[Security] API Key Authentication with Session

[peterrehm]

I assume there is an issue with storing the authentication within the session in the following doc entry.

http://symfony.com/doc/current/cookbook/security/api_key_authentication.html#storing-authentication-in-the-session

The (in the article) above mentioned authenticateToken() method relies only on the provided token / the credentials. But after the authentication the credentials are being erased by default. To adjust the situation we could add

        if (($user = $token->getUser()) instanceof User) {
            return new PreAuthenticatedToken(
                $user,
                $authToken,
                $providerKey,
                $user->getRoles()
            );
        }

to return the user stored in the session (which is at this step after the refresh of the provider). If it is as I describe here I will create a doc PR.

/cc @Seldaek

[Seldaek]

I am not sure I got what you mean correctly, nor what you are trying to achieve exactly, but if you have time please start a doc PR and then we can discuss on that.

[peterrehm]

On the first request you are calling the following route:

https://my-app/api_login?token=12345

In createToken() a token with the credentials 12345 is created. In the next step autenticateToken() you get authenticated.

On the next request however the credentials will be empty since you are just calling

https://my-app/fancy_action

expecting to be already authenticated. Since there are no credentials provided any more the authenticateToken() will fail to authenticate. If I check if the token contains a valid user I can
directly return the PreAuthenticatedToken as described above.

If you just follow the docs it was not working for me since authenticateToken() was failing on every second request.
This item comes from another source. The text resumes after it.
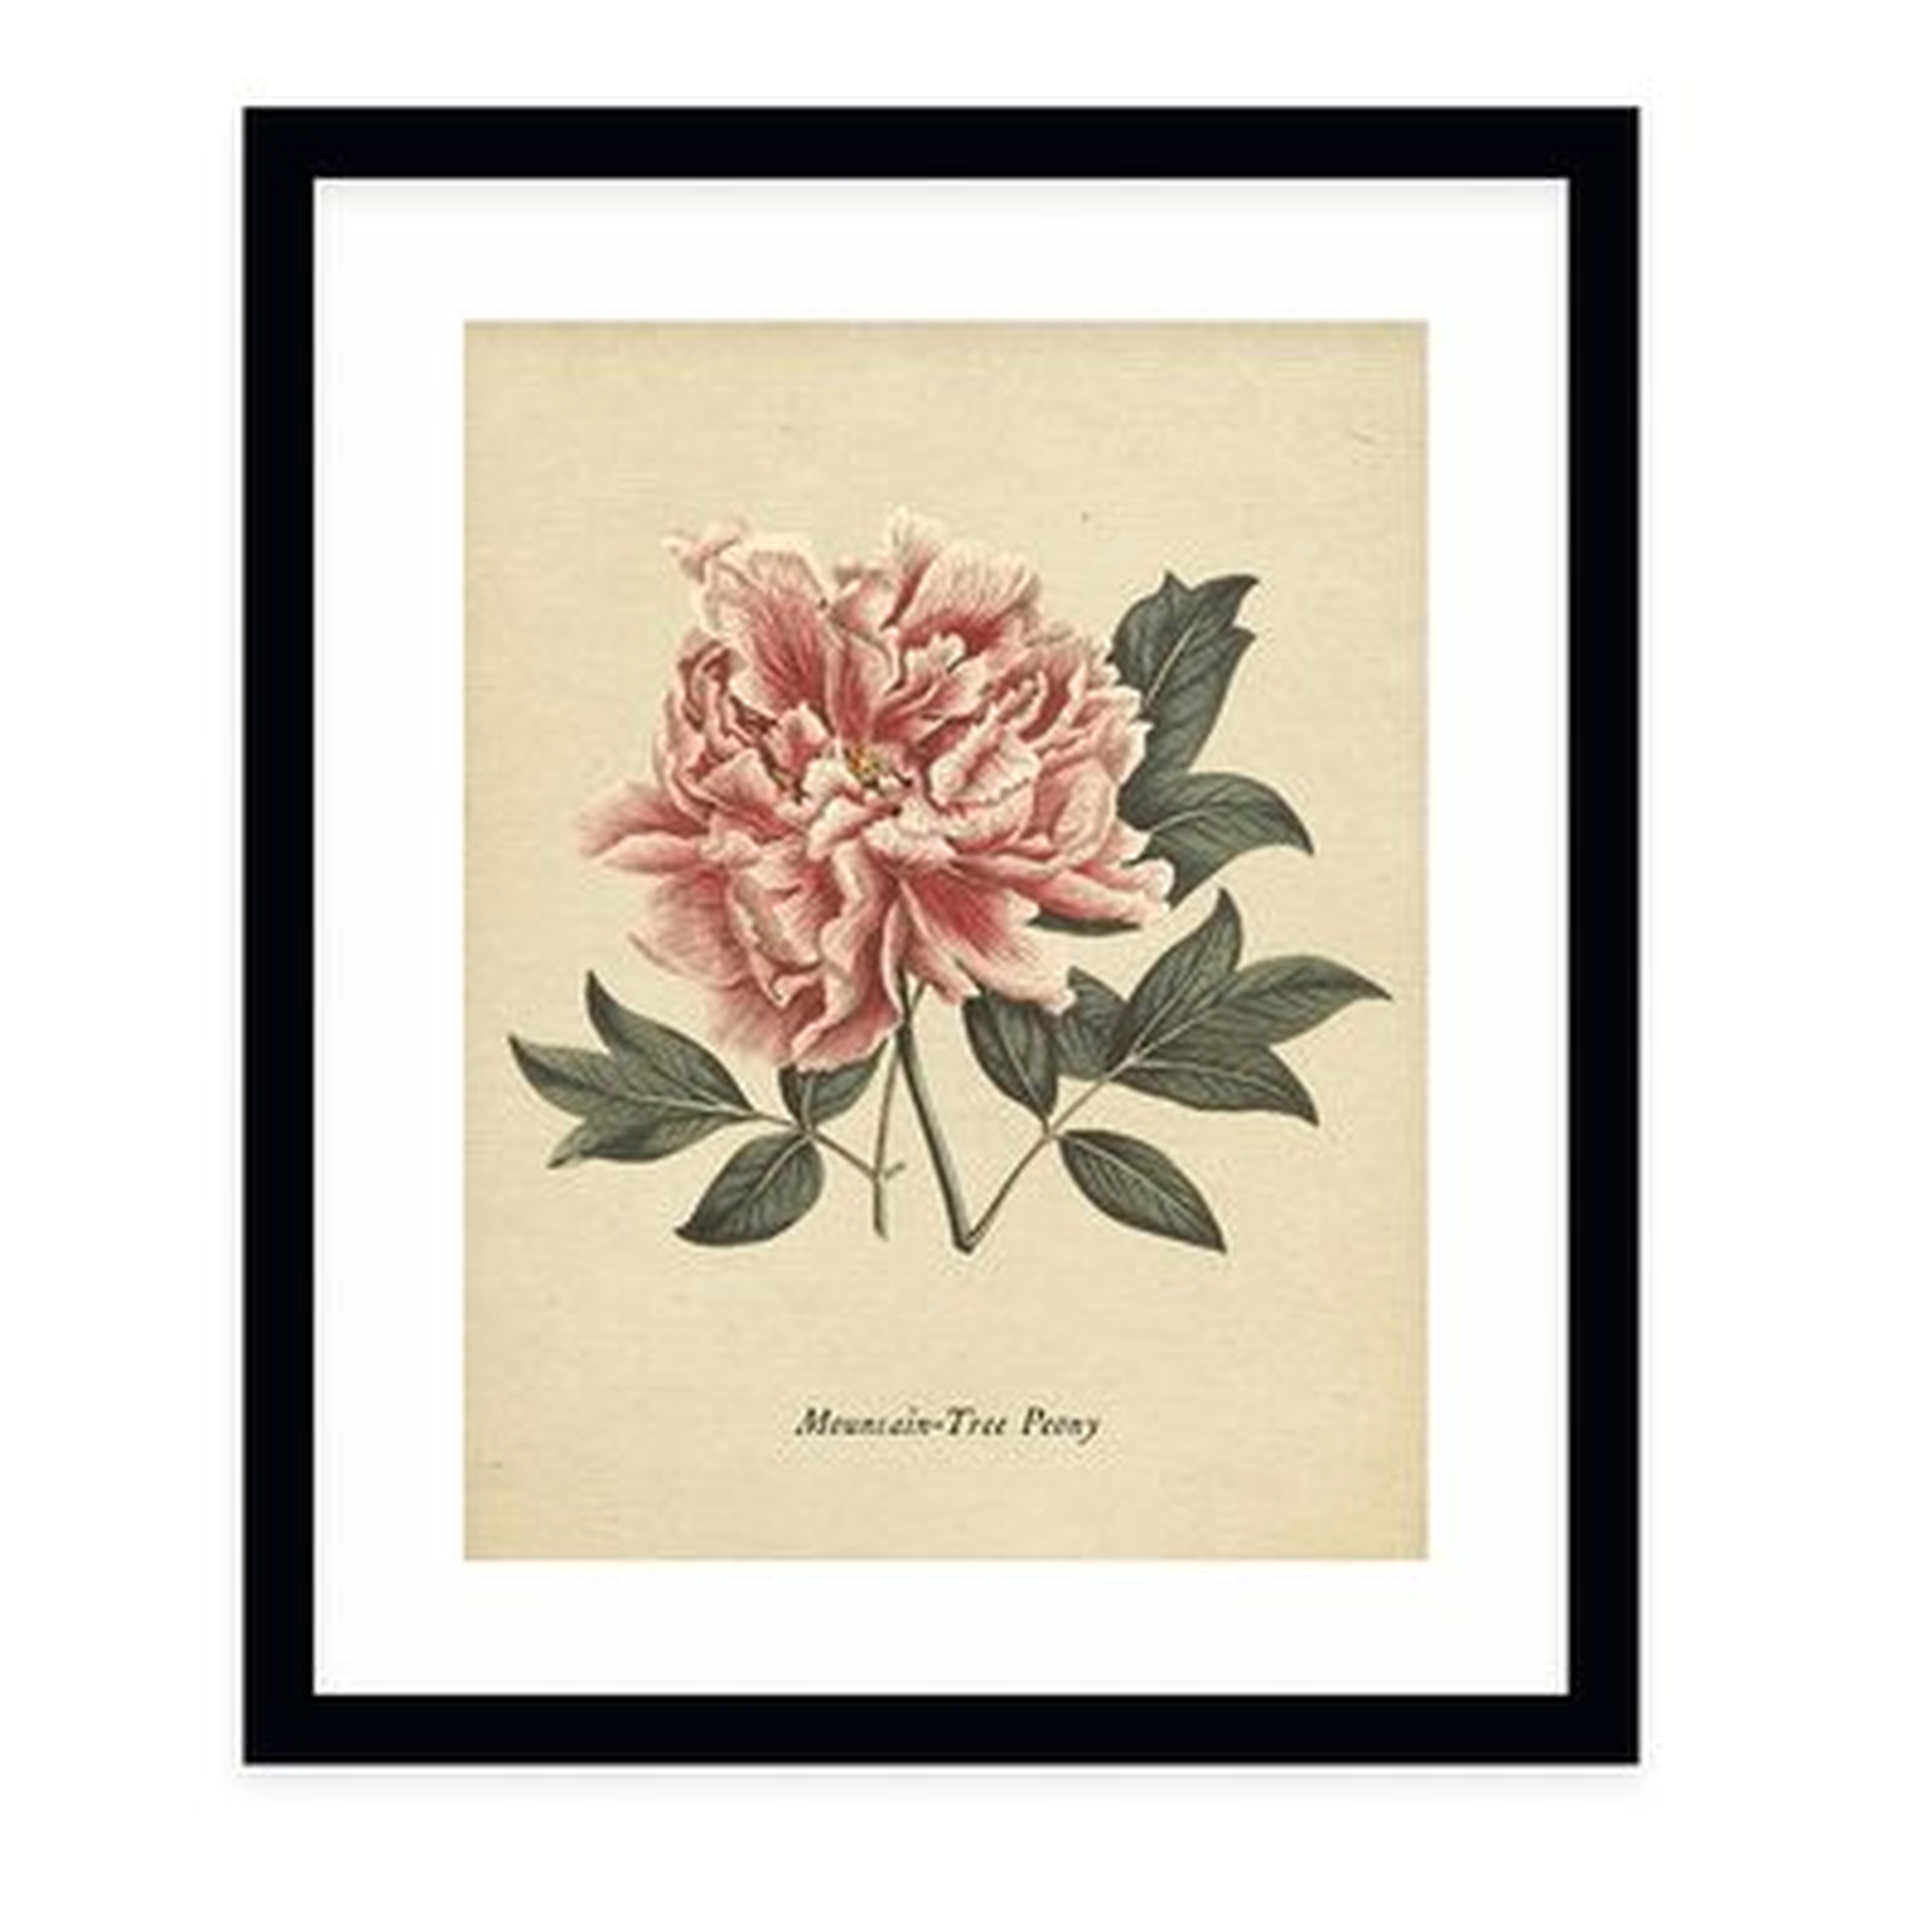 'Botanical Vintage Eight' - Picture Frame Graphic Art Print on Paper - Birch Lane

Shall I update the docs or am I missing something?

[Seldaek]

OK I see what you're getting at now. I think it's a misunderstanding though. The first line of the page says:

Nowadays, it's quite usual to authenticate the user via an API key (when developing a web service for instance). The API key is provided for every request and is passed as a query string parameter or via an HTTP header.

Rather than having to first login and then query again using a session cookie or something you got in the login response, it makes more sense to just run the request you want to do in the first place with the auth token, and be authenticated on the fly on every request.

Your approach might be valuable as an alternative approach though if you want to submit it but I would add that as another sub-section in the page rather than tweak the existing one.

[peterrehm]

I am actually adressing the section about storing the token in the session below which I think is wrong.

http://symfony.com/doc/current/cookbook/security/api_key_authentication.html#storing-authentication-in-the-session

I was not able to get it to work this way due to the above mentioned issue. So then I think it should be fixed in this section?

[Seldaek]

Oh sorry I didn't read that carefully enough. Then yes perhaps you're right. I haven't touched this code in a while though so I am not 100% and I'd appreciate if anyone else reviews this, but it sounds like the credentials being erased is indeed a problem.

[peterrehm]

No problem :) I just submitted the PR #4076. Would be great if you could have a quick look.